Efficacy and side effects of praziquantel in the treatment of Schistosomiasis mansoni in schoolchildren in Shesha Kekele Elementary School, Wondo Genet, Southern Ethiopia

Berhanu Erko 1,*, Abraham Degarege 1, Konjit Tadesse 1, Asnake Mathiwos 2, Mengistu Legesse 1
PMCID: PMC3609281  PMID: 23569905

Abstract

Objective

To evaluate the efficacy and side effects of praziquantel (PZQ) in the treatment of schistosomiasis in Ethiopia.

Methods

In a cross-sectional study, stool specimens were collected from randomly selected 299 school children in Shesha Kekele Elementary School, Wondo Genet, Southern Ethiopia, in April 2010. Stool specimens were examined using a single Kato-Katz thick smear for Schistosoma mansoni (S. mansoni) ova. Children who were found positive for S. mansoni were treated with a single oral dose of PZQ at 40 mg/kg bw and interviewed for treatment-related symptoms 24 hours after drug administration. Four weeks post-treatment, stool specimens were collected from the same children and examined following the same procedure as in the pre-treatment. Drug efficacy was determined based on cure and egg reduction rates.

Results

Pre-treatment prevalence of S. mansoni infection was 74.9% with geometric mean egg count of 268. The evaluated generic PZQ produced an overall cure rate of 73.6% (P<0.000 1, OR: 8.33, CI: 5.3–13.1) and egg reduction rate of 68.2% (P=0.03, F=0.64). The cure rate showed significant association with age (χ2=11, P=0.004), the highest rate being observed in the 15–22 age group. 83% of S. mansoni infected children showed various treatment-related symptoms, the most frequent being headache, nausea, and abdominal pain. These symptoms were associated with age (P<0.001) and pre-treatment intensity of infection (P<0.05).

Conclusions

The present observations revealed relatively lower cure and egg reduction rates of the PZQ evaluated as compared to previous reports for other PZQ brands in Ethiopia. Hence, in depth studies are recommended to clarify whether the present relatively lower cure rate is the actual cure rate of the praziquantel evaluated, treatment failure, or reduced susceptibility of the parasite. Treatment-related side effects observed were transient and tolerable.

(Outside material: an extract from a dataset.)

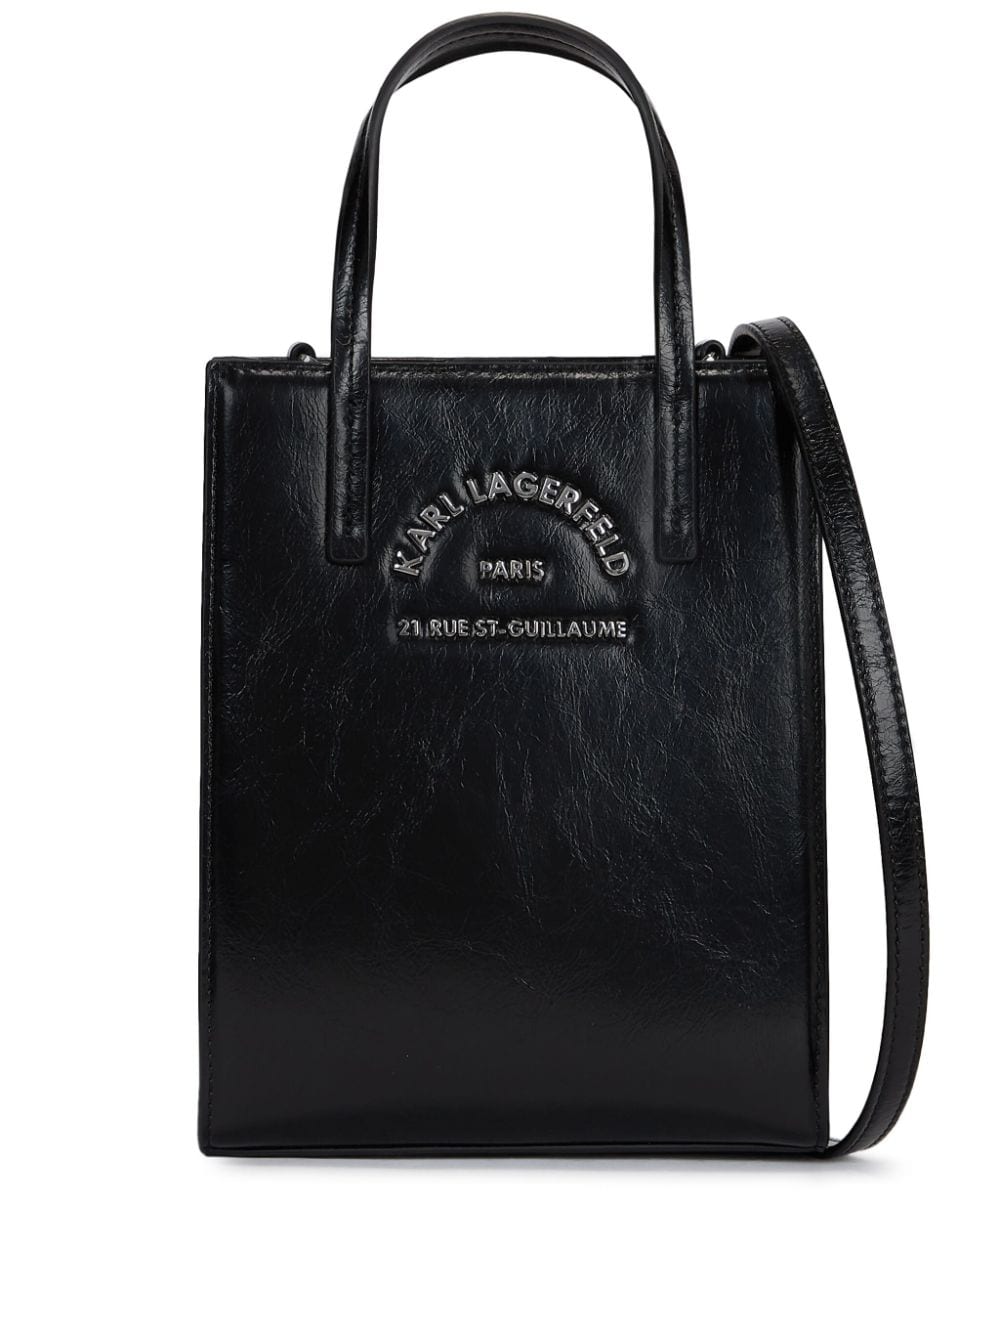 Karl Lagerfeld Rue St-guillaume Tote Bag In Black

Keywords: Efficacy, Praziquantel, Schistosoma mansoni, Ethiopia, Schistosomiasis, Thick smear, Prevalence, Infection, Susceptibility, Parasite, Schoolchildren, Side effect, Drug efficacy, Egg reduction

1. Introduction

Schistosomiasis is a chronic disease caused by blood flukes, and it has been estimated to affect 207 million people globally, about 85% of which live in sub-Saharan Africa alone[1]. In Ethiopia, the endemicity of both intestinal and urinary schistosomiasis has long been established. Although there has been no recent national survey, estimates made in the 1980s documented that the number of people infected and at risk of infection with Schistosoma mansoni (S. mansoni)were 2.5 and 18 million, respectively, whereas the number of people at risk of Schistosoma haematobium infection would be about 4 million[2].

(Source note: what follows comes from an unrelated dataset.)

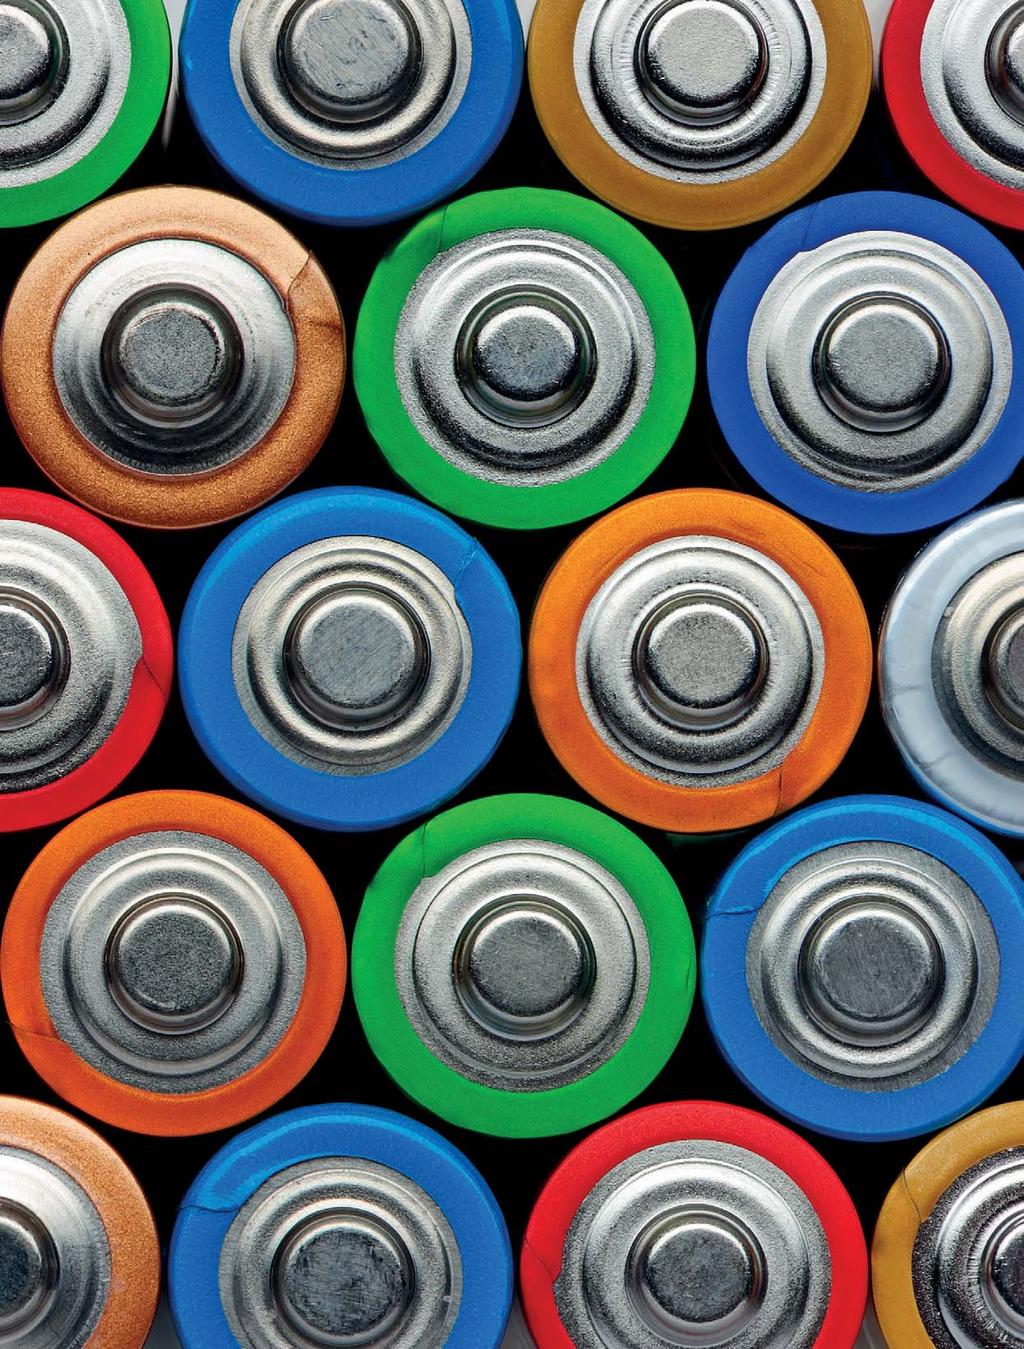 GP Batteries - Your

The control of schistosomiasis has hitherto involved the use of measures such as snail control, chemotherapy, basic sanitation and clean water supply and health education, either in isolation or in combination[3]. Nevertheless, chemotherapy has been the most widely advocated methods of control[4]. The obvious benefits of chemotherapy would be a decrease in individual patient morbidity and a diminution of transmission by reducing schistosome egg contamination of snail habitat[5].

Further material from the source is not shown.